## REQUIRED ACTION
Where the line containing "Fondode Pantalla De" appears, begin retyping; continue exactly through the final line of the data. Omit every picture.

## PROVIDED MATERIAL
----------------
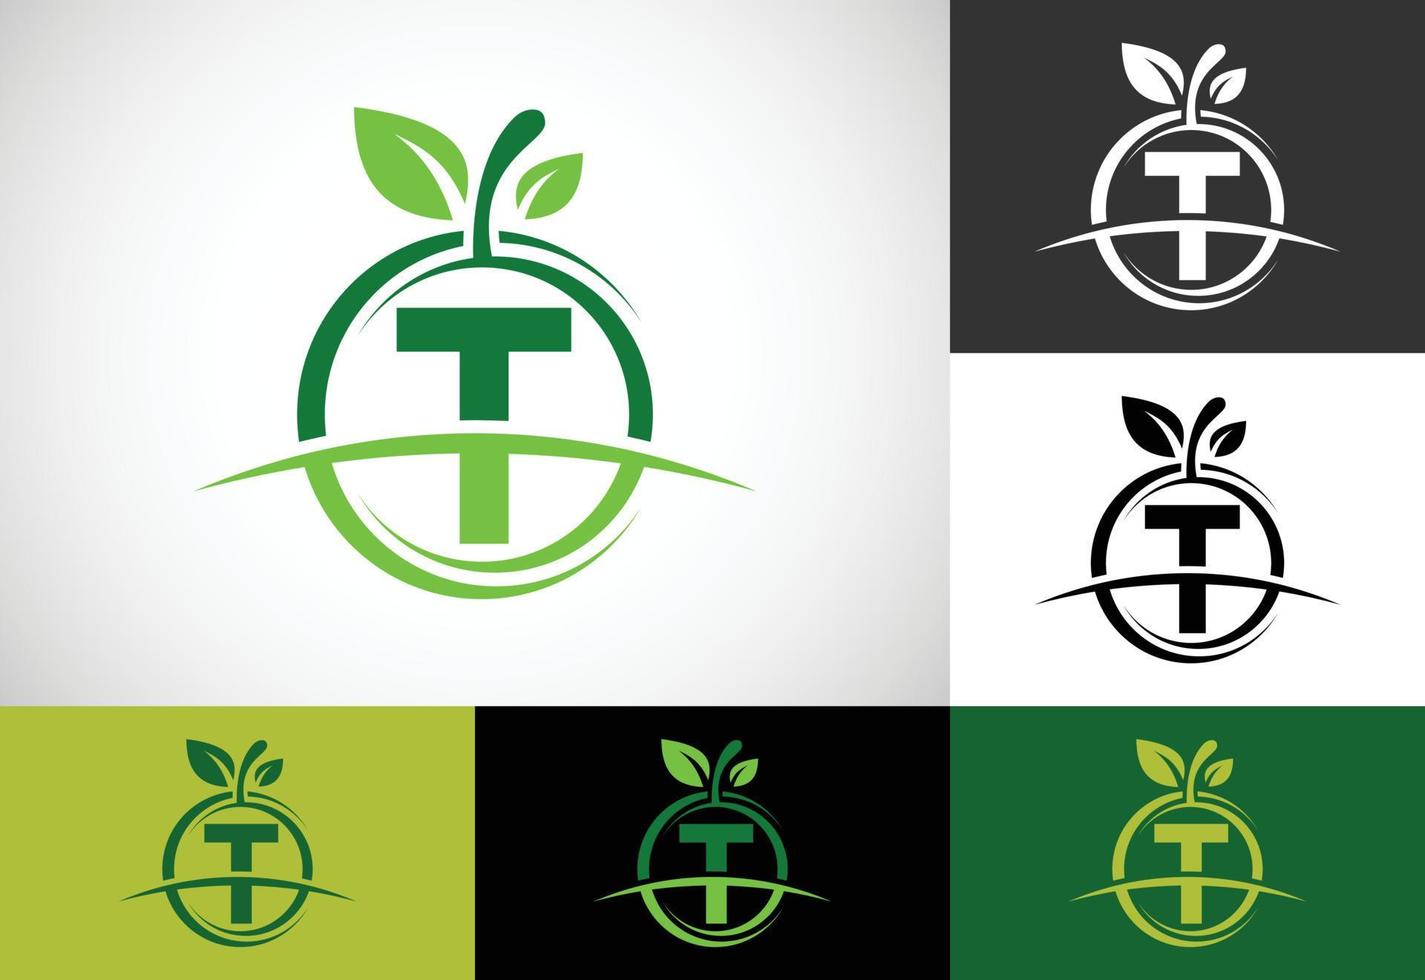 alfabeto inicial do monograma t com o logotipo abstrato da maçã. vetor de design de logotipo de comida saudável
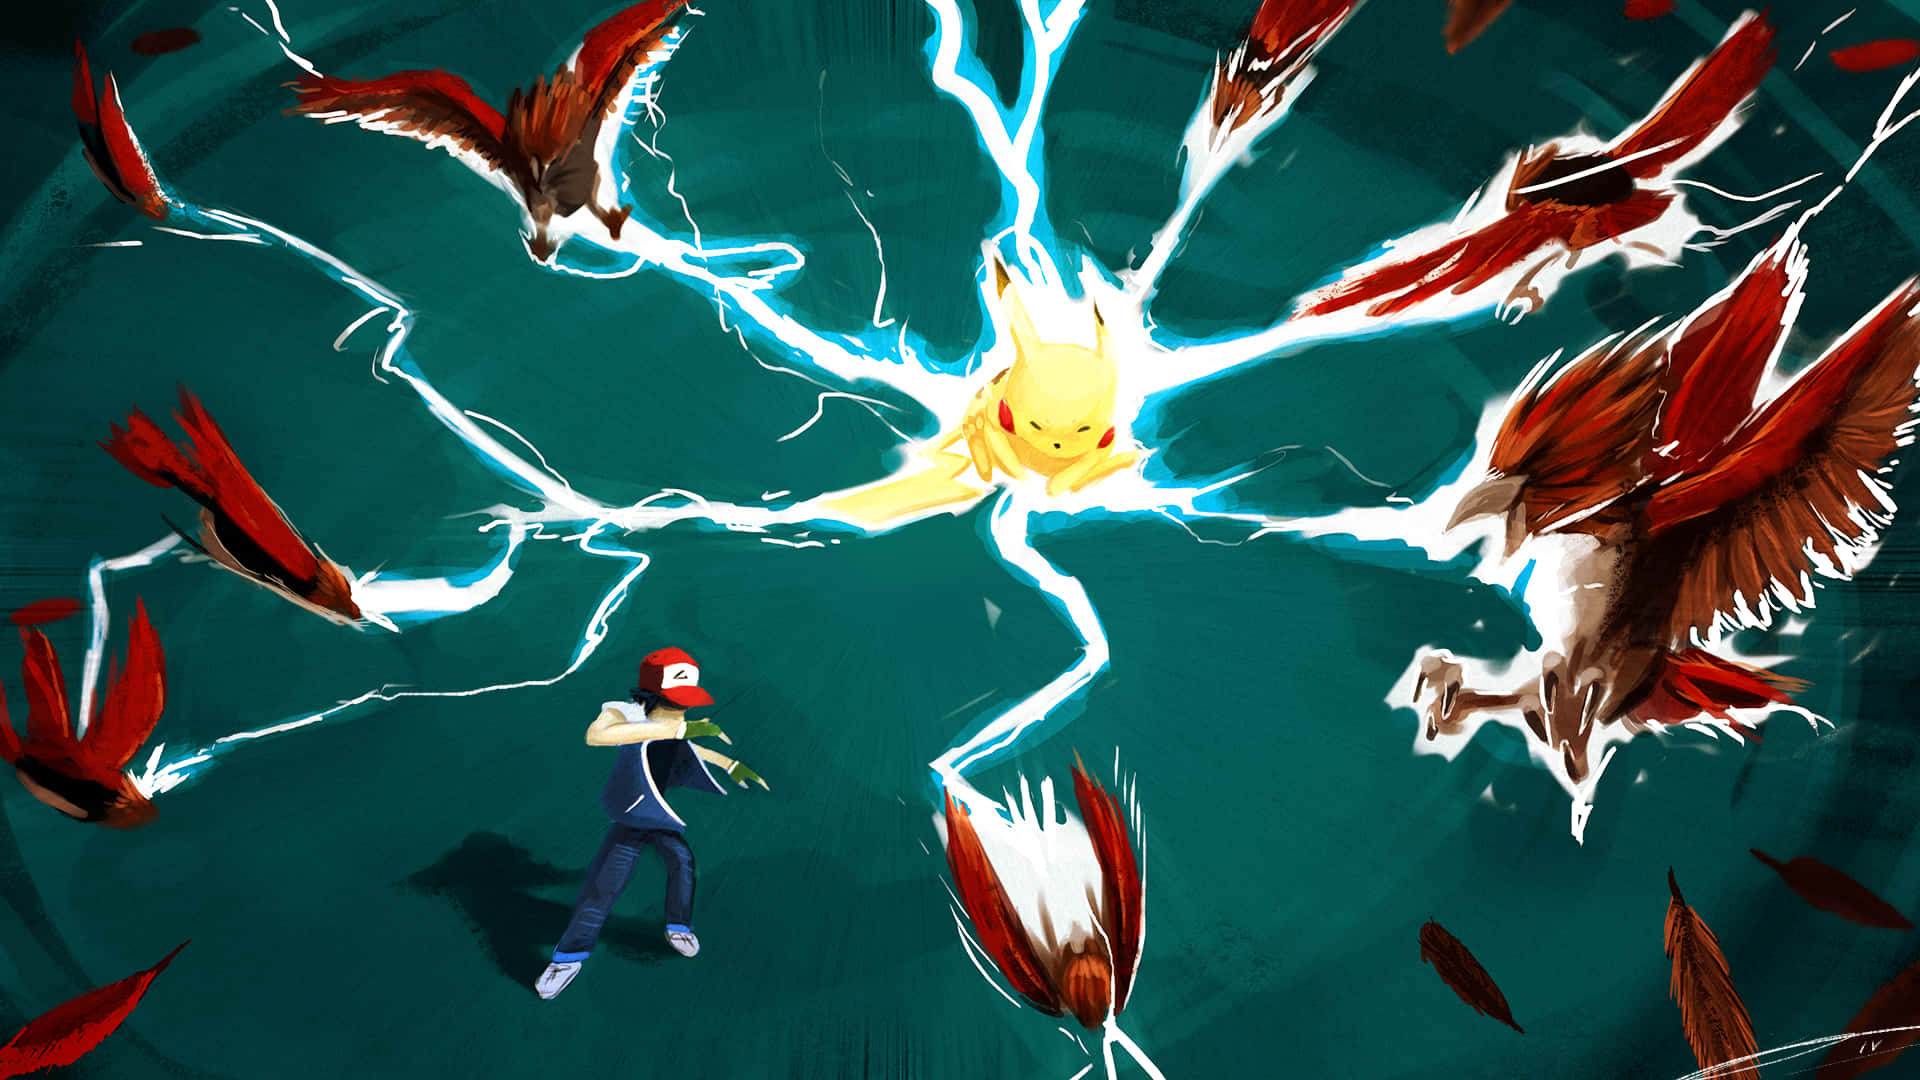 Fondode Pantalla De Batalla De Pokémon Con Pidgeotto Atacando A Pikachu Y Ash Ketchum.
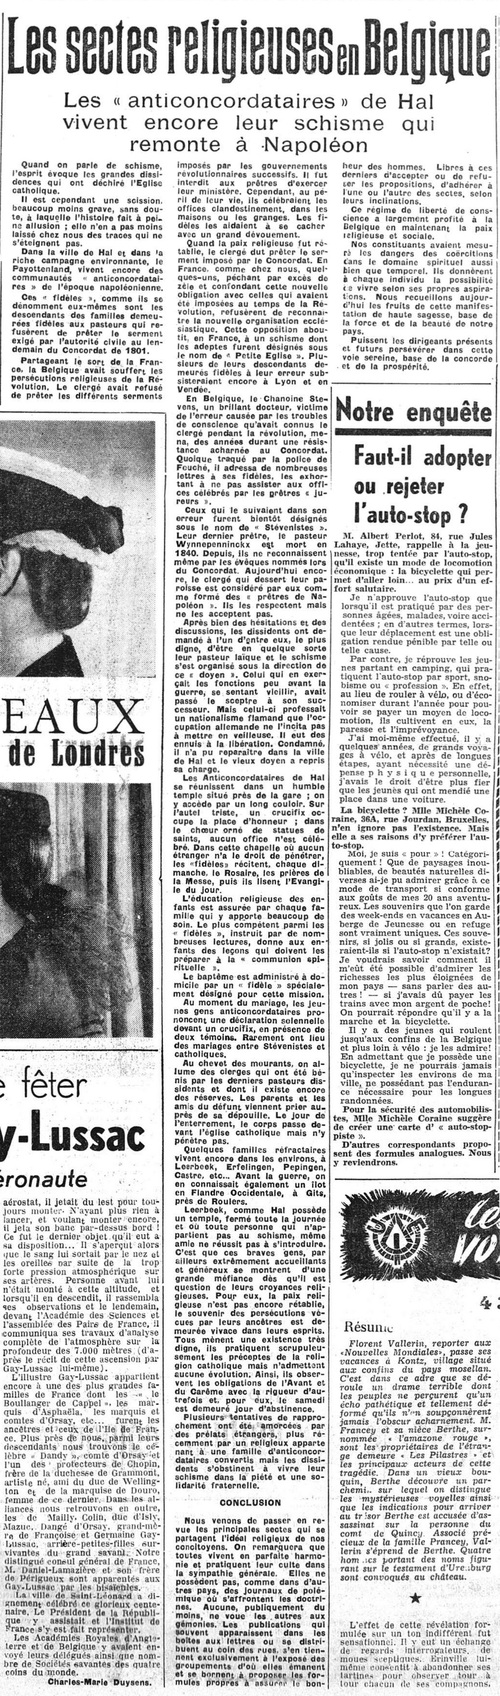 Les sectes religieuses en Belgique : Les « anticondordataires » de Hal (La Lanterne, 17 mai 1950)(Belgicapress)
----------------
## OUTPUT FOR THIS EXERCISE
 Fondode Pantalla De Batalla De Pokémon Con Pidgeotto Atacando A Pikachu Y Ash Ketchum.
 Les sectes religieuses en Belgique : Les « anticondordataires » de Hal (La Lanterne, 17 mai 1950)(Belgicapress)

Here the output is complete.